From: InfoSec News <isn () c4i org>
Date: Mon, 12 Aug 2002 02:50:06 -0500 (CDT)

http://www.siliconvalley.com/mld/siliconvalley/news/editorial/3845811.htm

Sun, Aug. 11, 2002

NEW YORK (AP) - Snoopers on the Internet could decode sensitive e-mail
messages simply by tricking recipients into hitting the reply button,
computer security researchers warned Monday.

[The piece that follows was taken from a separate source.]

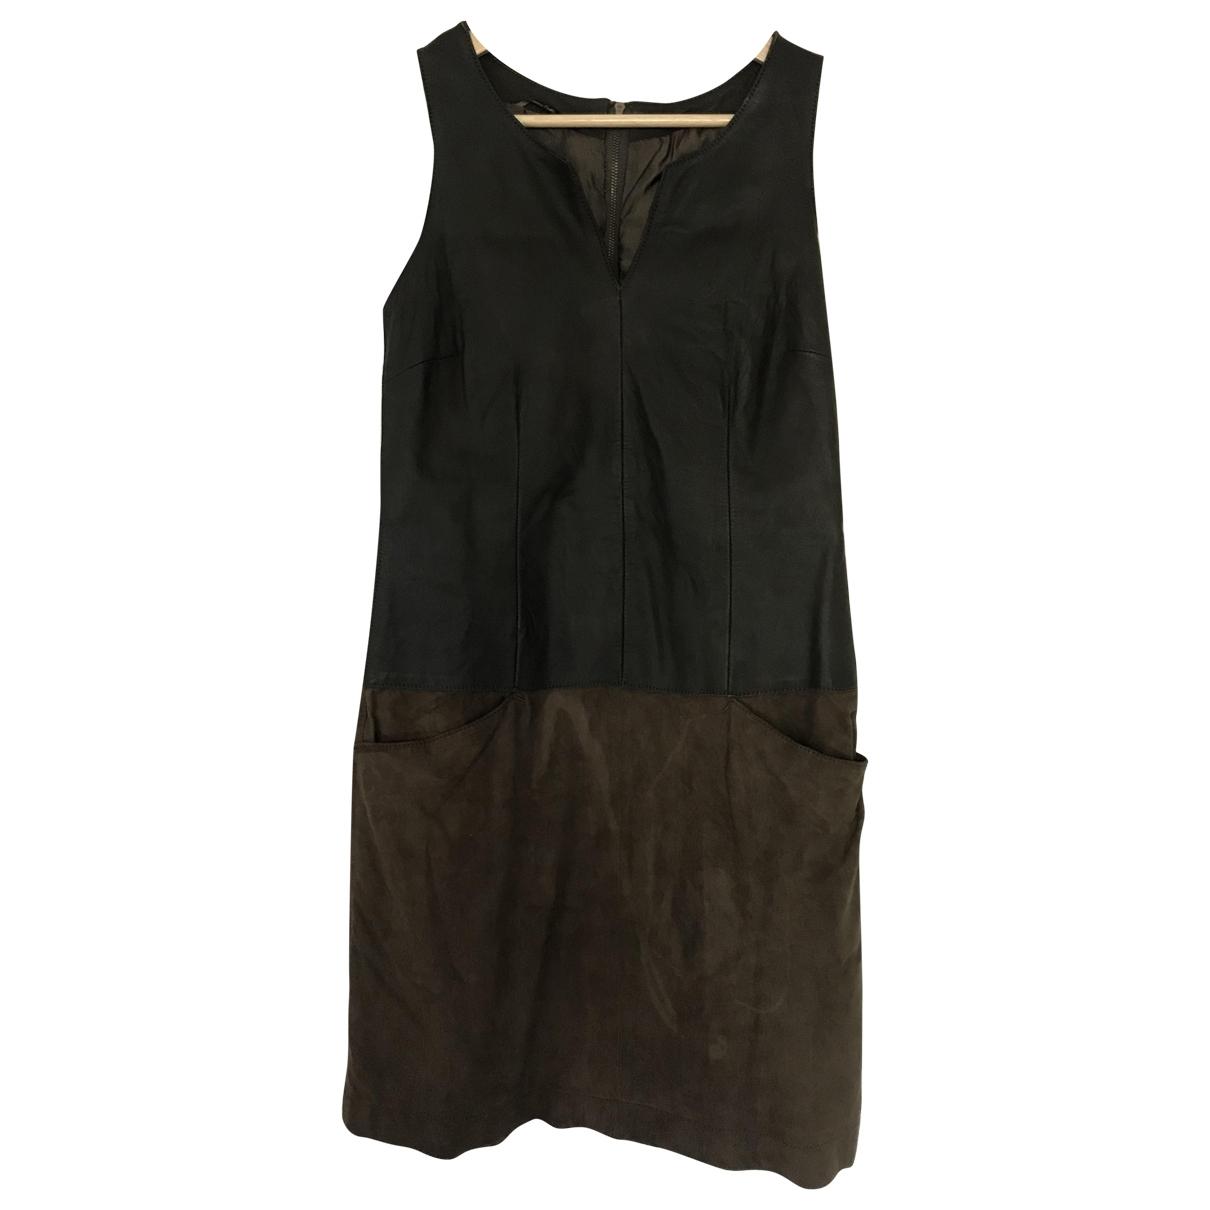 Massimo Dutti \N Khaki Leather dress for Women S International

The flaw affects software using Pretty Good Privacy, the most popular
tool for scrambling e-mail.

Researchers at Columbia University and Counterpane Internet Security
Inc. found that someone intercepting an encrypted message could
descramble it by repackaging the message and passing it on to the
recipient.

The message would appear as gibberish, possibly prompting the
recipient to request a resend.

If the recipient includes the original text with that request -- as
many people have their configured their software to do automatically
when they reply -- the interceptor could then read the original
message.

Bruce Schneier, Counterpane's chief technology officer, said most
people would never dream that security can be compromised simply by
returning gibberish.

Intercepting a message is trivial using software known as sniffers,
and companies may use such programs to monitor employees on its
network. An oppressive government may snoop on its citizens if it also
controls service providers or other access points.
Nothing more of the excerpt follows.